[SUPPLIED INFORMATION]

------------

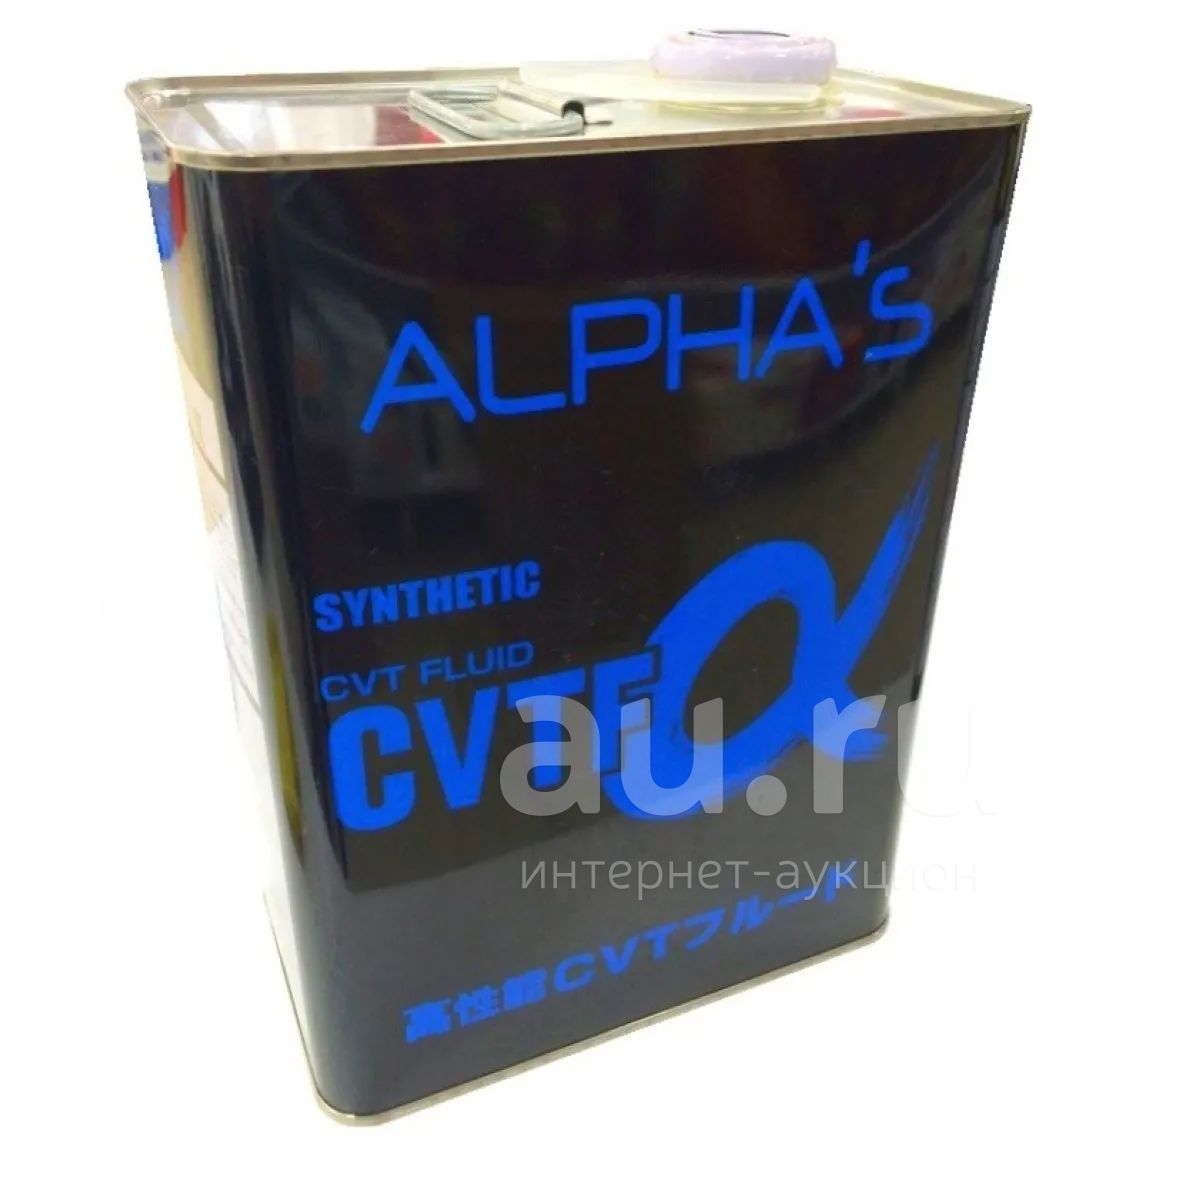 Alpha s love. Масло трансмиссионное Alphas CVTF. Масло sumico ATF CVTF wide 3-d. Масло трансмиссионное CVTF-Alpha синт. 4л. Alpha s 792400 Alphas ATF-Alpha 1l.
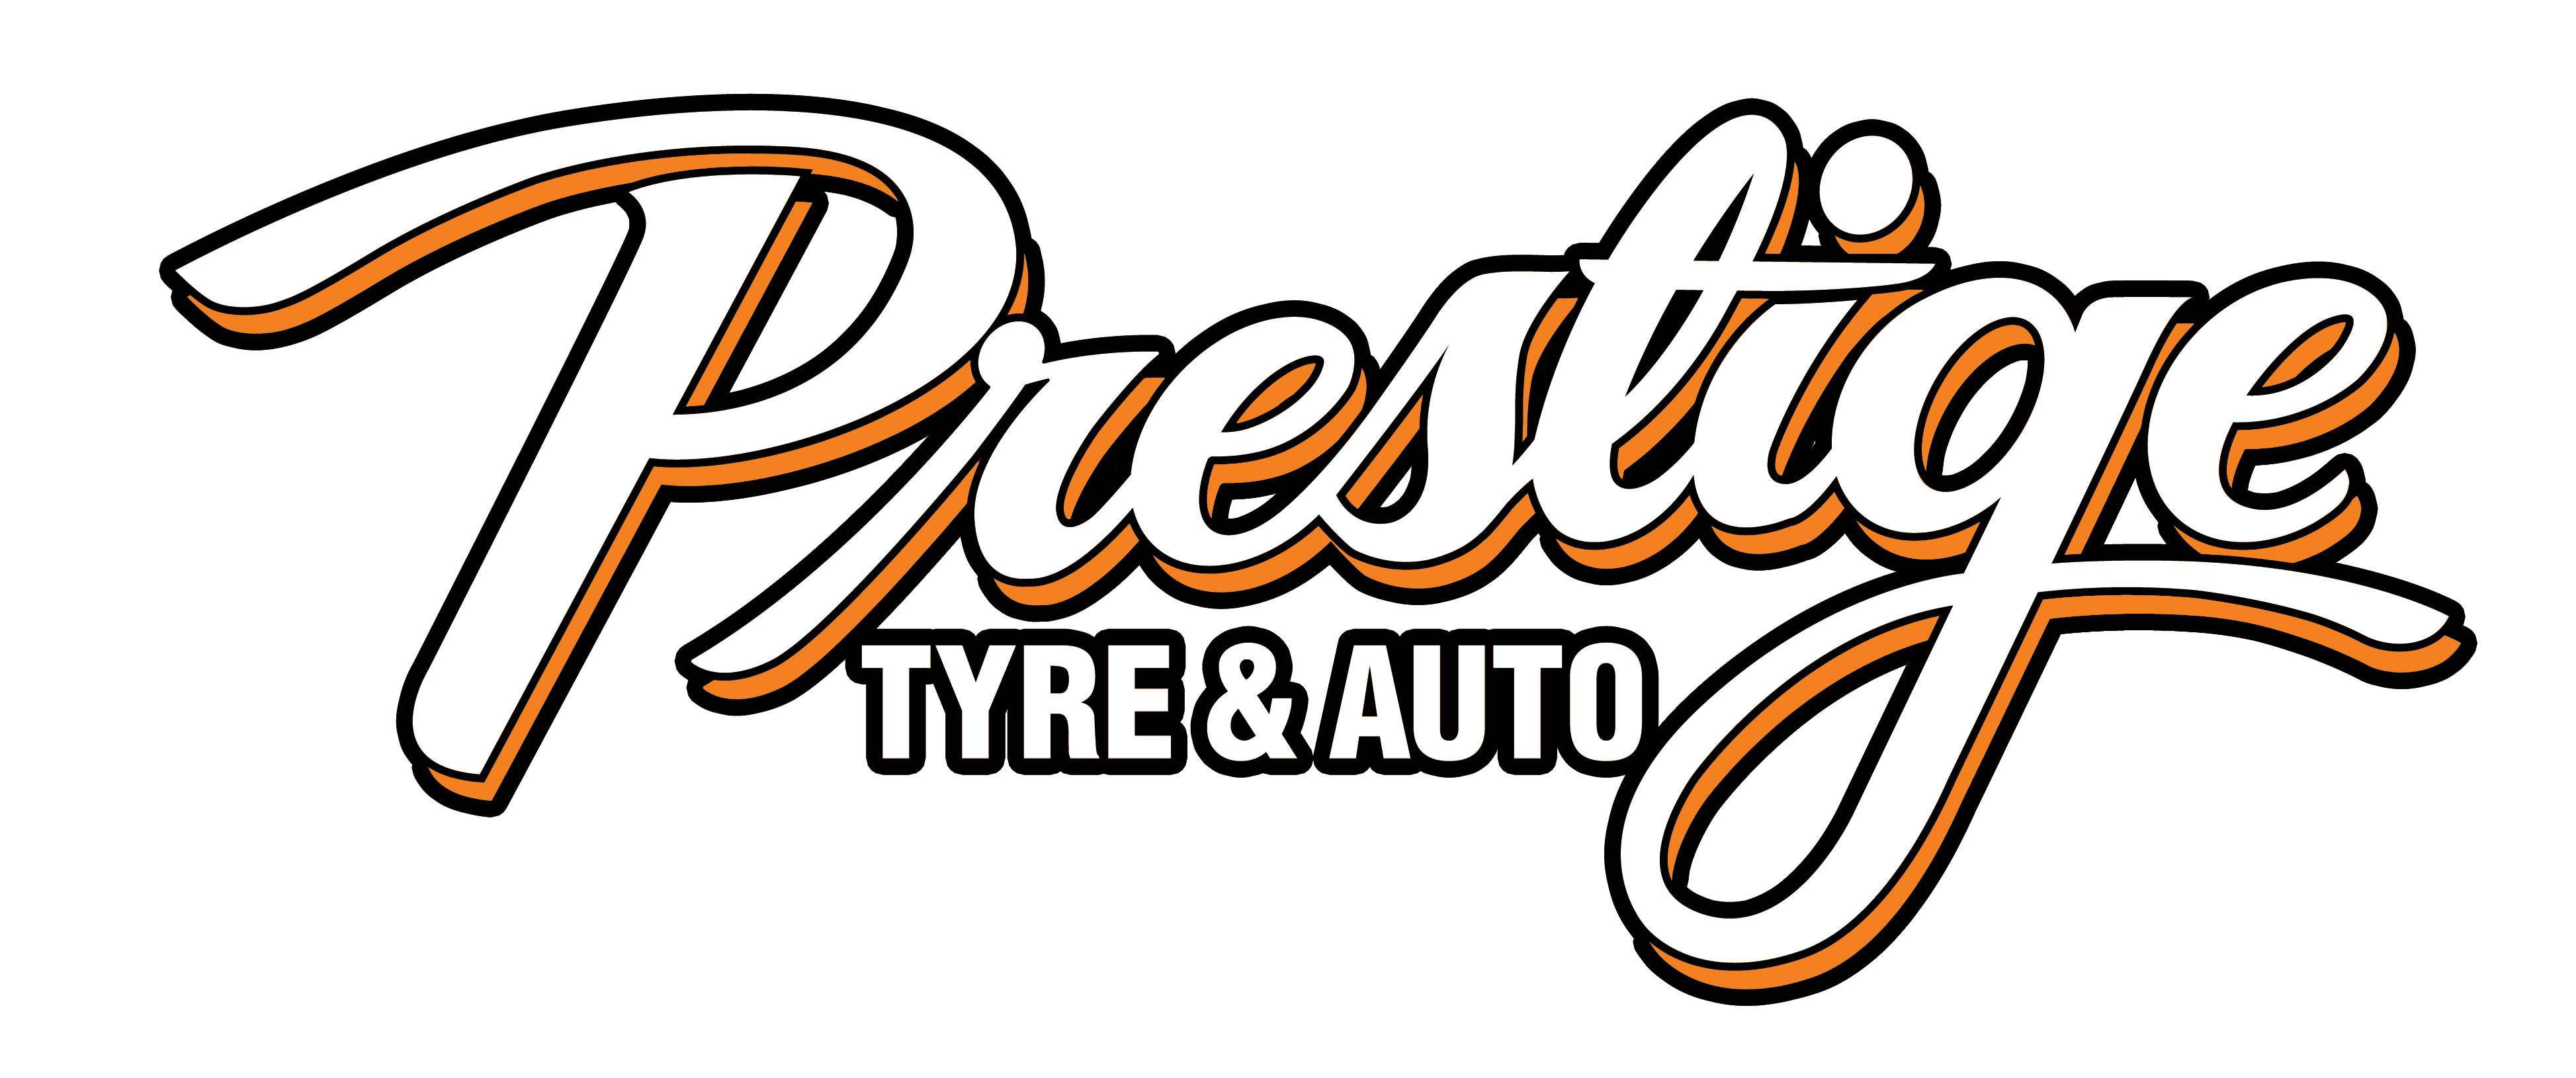 Prestige Tyre and Auto Service
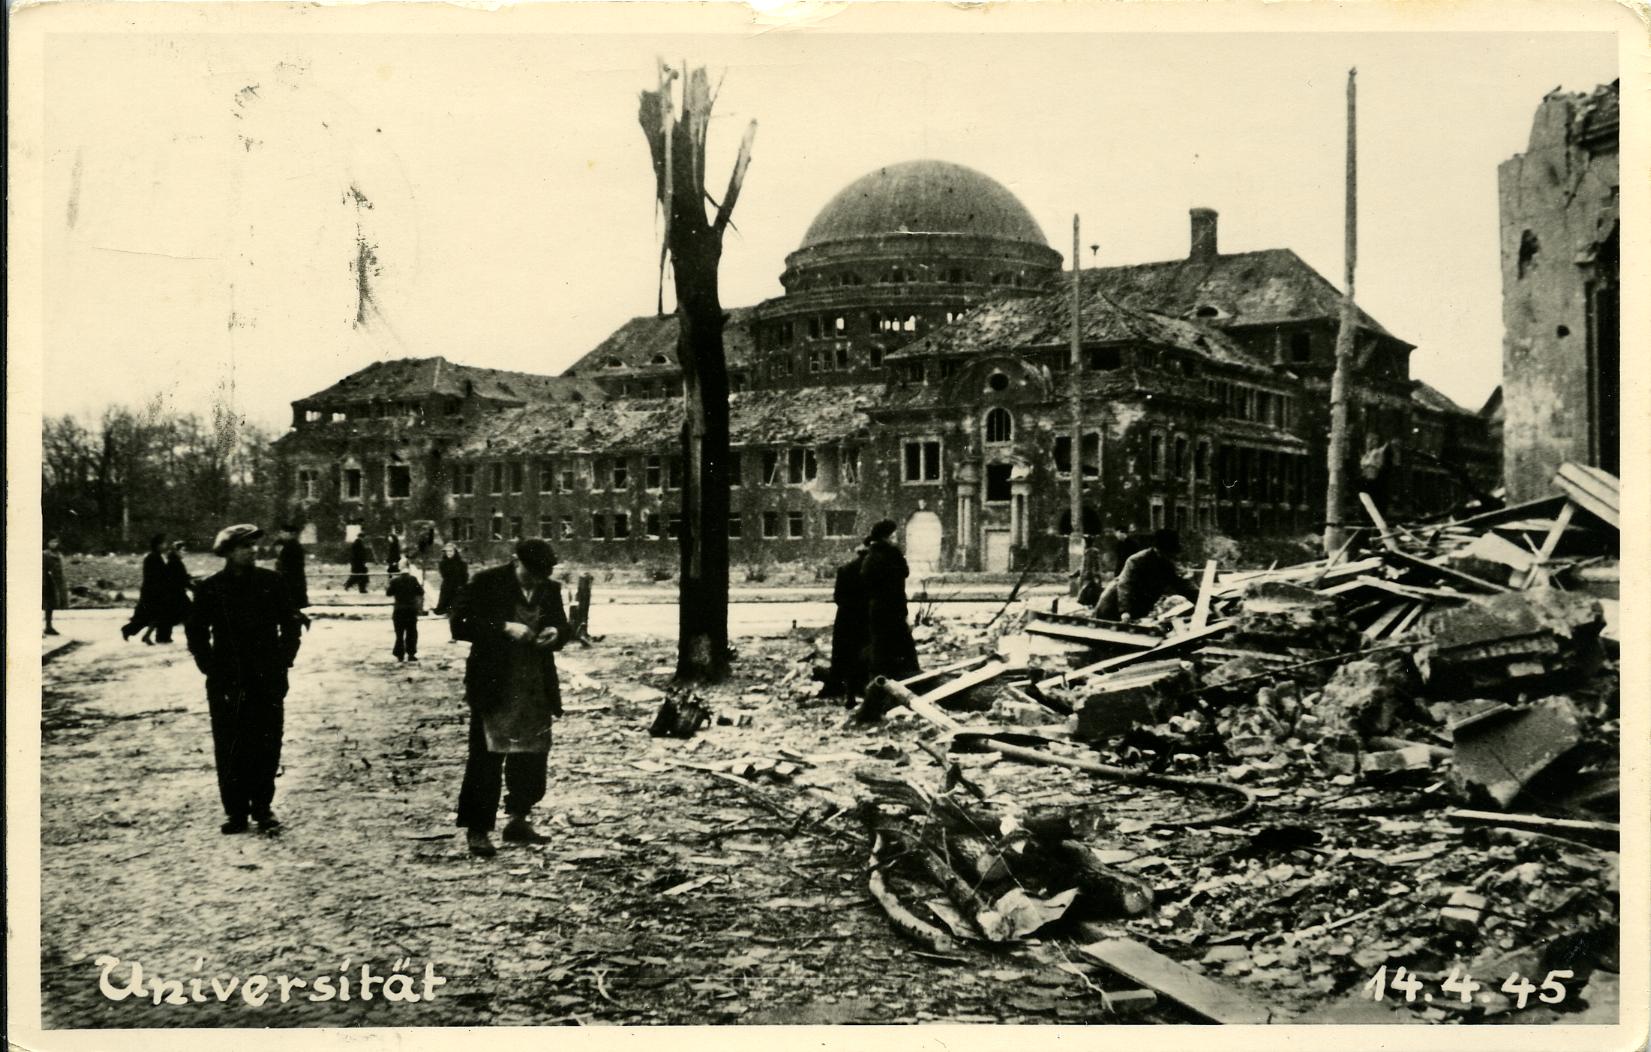 [Fotografie: Die nach Bombenangriff zerstörte Universität in Hamburg, 1945]

------------

[YOUR INSTRUCTIONS]
When you repeat the data, keep it exact and drop every picture.

[THE COMPLETED TASK]
 Alpha s love. Масло трансмиссионное Alphas CVTF. Масло sumico ATF CVTF wide 3-d. Масло трансмиссионное CVTF-Alpha синт. 4л. Alpha s 792400 Alphas ATF-Alpha 1l.
 Prestige Tyre and Auto Service
 [Fotografie: Die nach Bombenangriff zerstörte Universität in Hamburg, 1945]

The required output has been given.